Lack of access to family planning is a widespread problem with harmful consequences for health, economic well-being, and other outcomes. Despite its importance, it is comparatively neglected by EAs. Charity Entrepreneurship (CE) proposes to tackle this problem by launching a new nonprofit that would provide postpartum family planning counseling in priority countries. Contact us at ula@charityentrepreneurship.com if you’re interested in getting involved, or apply to our 2021 Incubation Program (deadline: April 15, 2021).
1. Why family planning?
Each year, over 300,000 women die from pregnancy-related causes. Maternal mortality is particularly high in sub-Saharan Africa, with two-thirds of all maternal deaths in 2015. A higher number of births per woman is also strongly associated with higher rates of child mortality. Short-spaced pregnancies, in particular, pose a greater risk to both mother and child.
There are over 120 million unintended pregnancies each year. Data from the UN shows that 10% of all women of reproductive age worldwide have unmet needs for family planning, meaning that although they do not want to fall pregnant, nor are they using contraception. Unmet family planning needs are particularly high in sub-Saharan Africa.
Health isn’t the only casualty of inadequate family planning. Lack of access to family planning impacts a whole range of outcomes, from education and economic wellbeing to climate change. The supplementary report for our cost-effectiveness analyses discusses these in more depth and explains how we modeled them. Depending on how you consider flow-through effects, we believe that this area could be as effective or more so than direct delivery health interventions.
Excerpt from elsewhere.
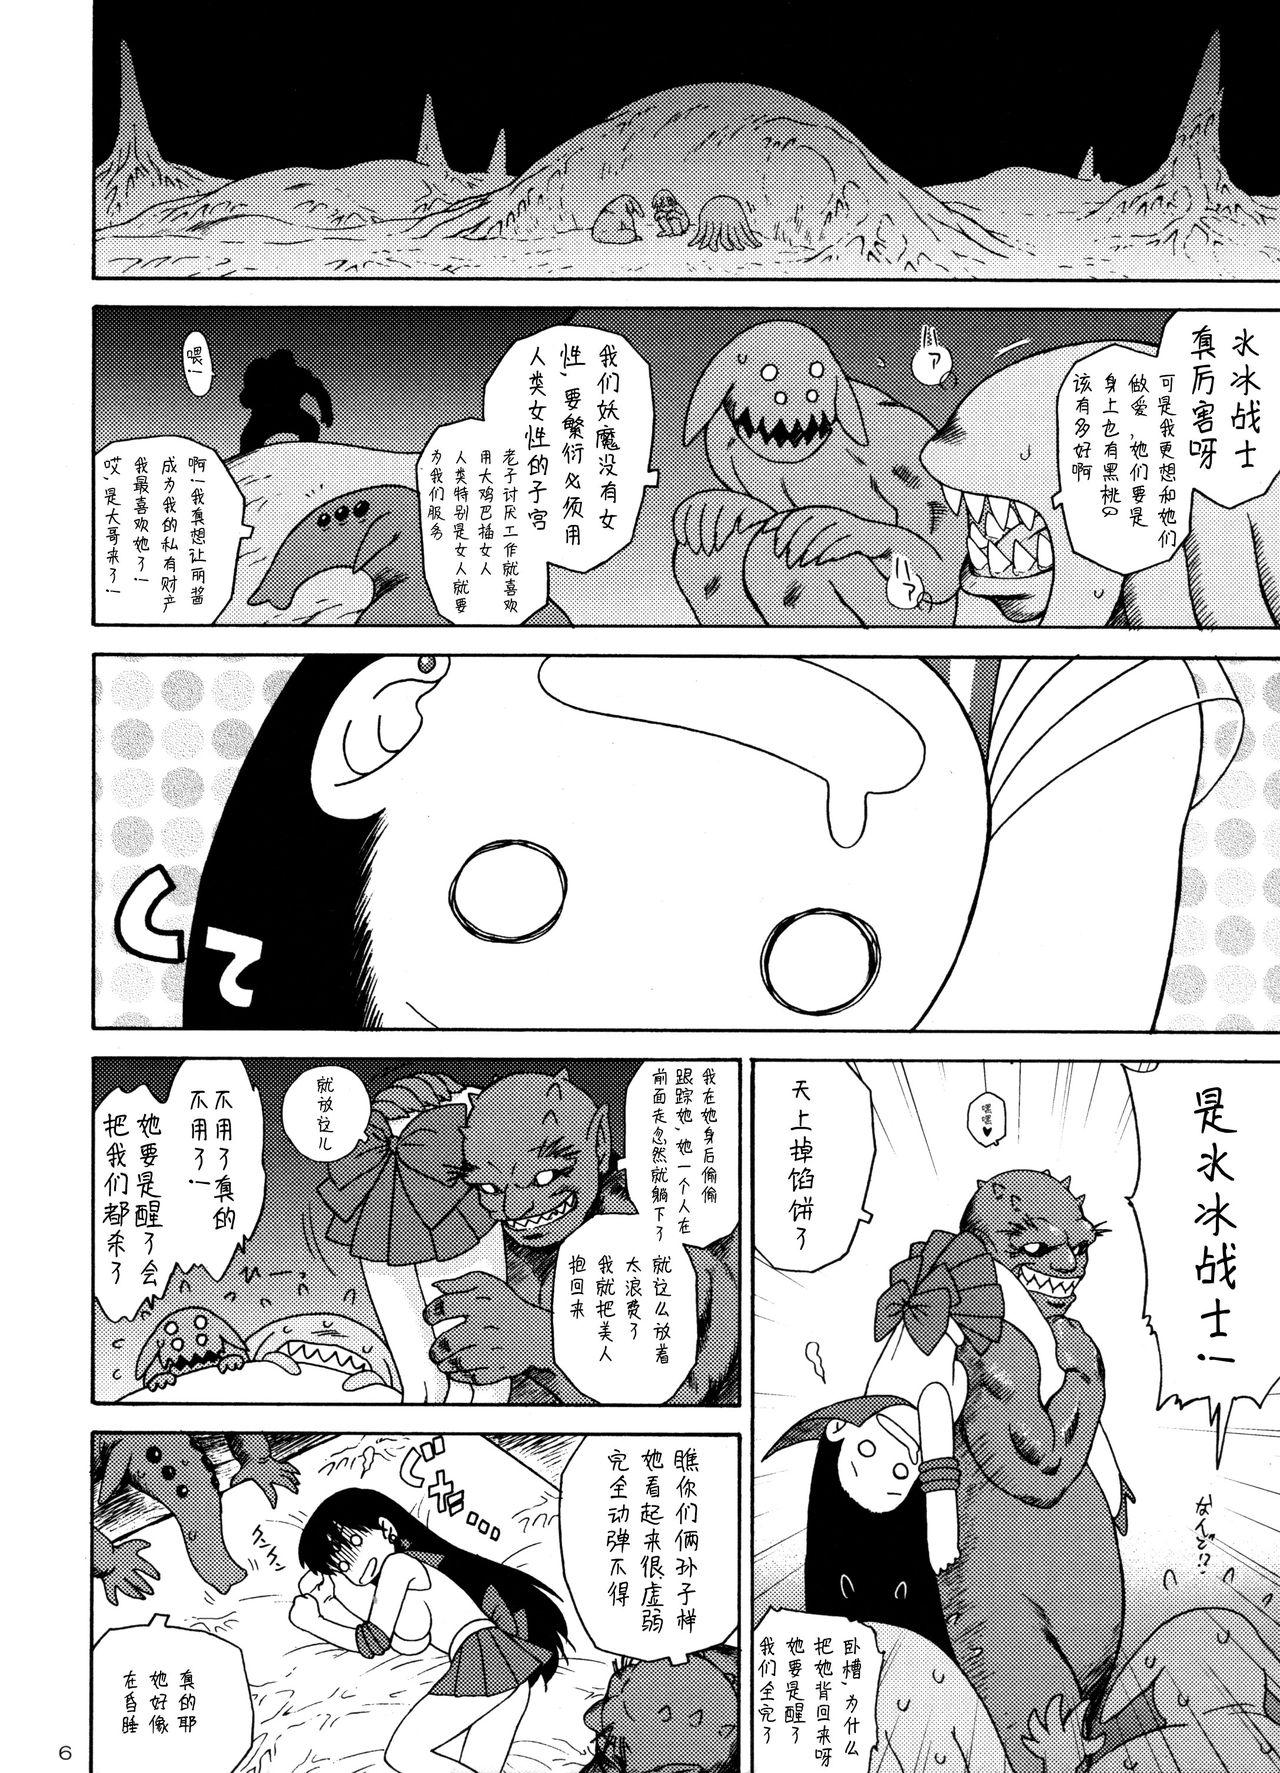 Indonesian QUEEN OF SPADES - 黑桃皇后 - Sailor moon Pounded - Page 9
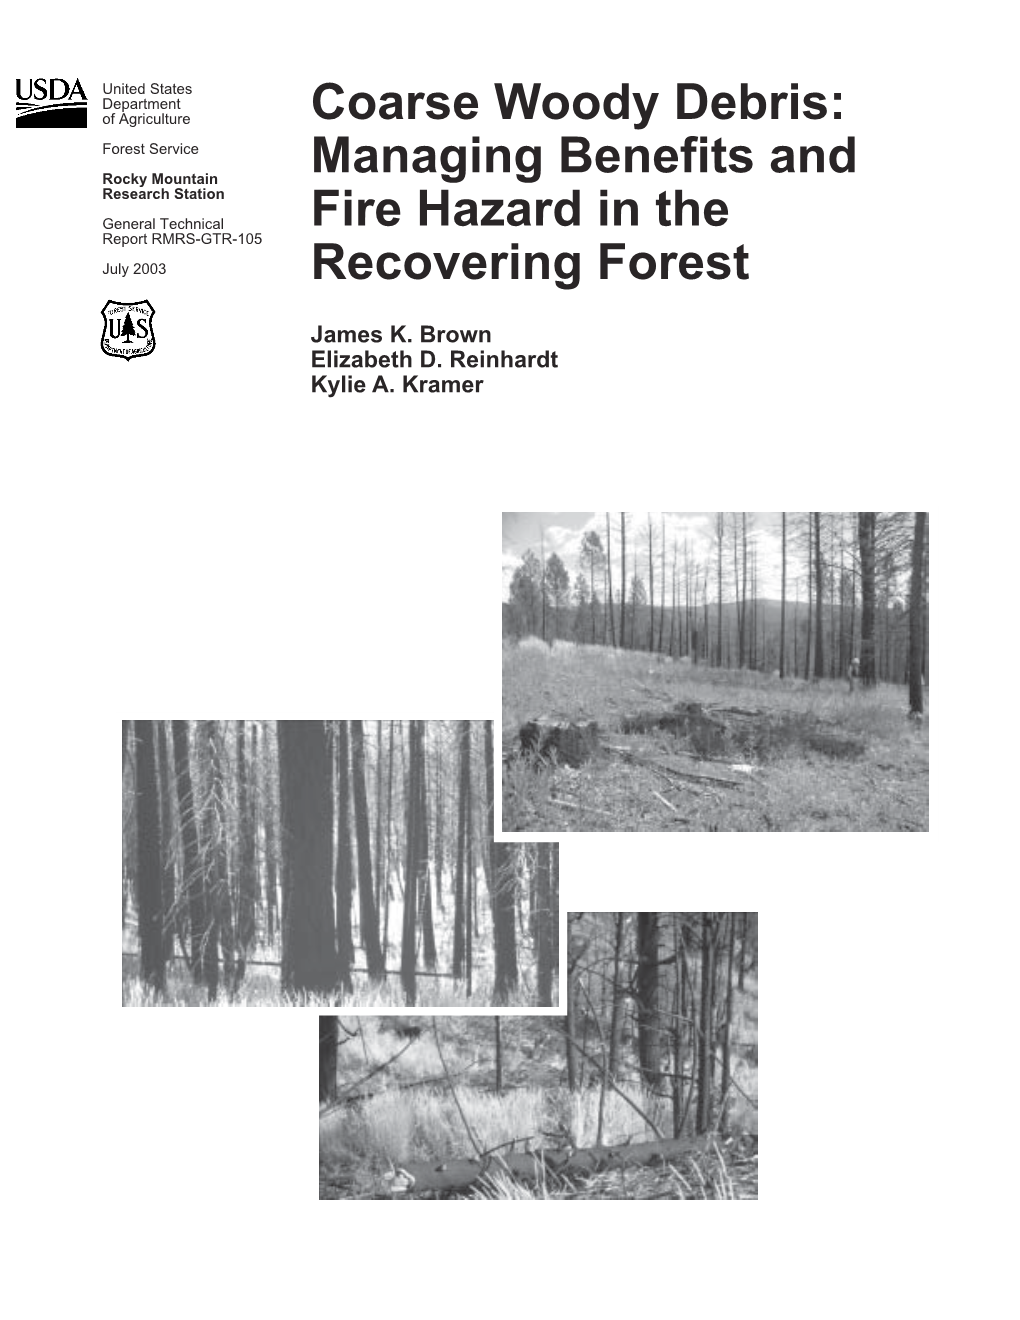 Coarse Woody Debris: Managing Benefits and Fire Hazard in the Recovering Forest

Due to its importance, family planning receives a good amount of attention in terms of both research and availability of (often counterfactually strong) funding. However, it remains neglected in two important ways. Despite extensive research into the barriers to family planning, little prioritization work has been done. Additionally, family planning is a less common cause area of focus among applicants to the CE Incubation Program.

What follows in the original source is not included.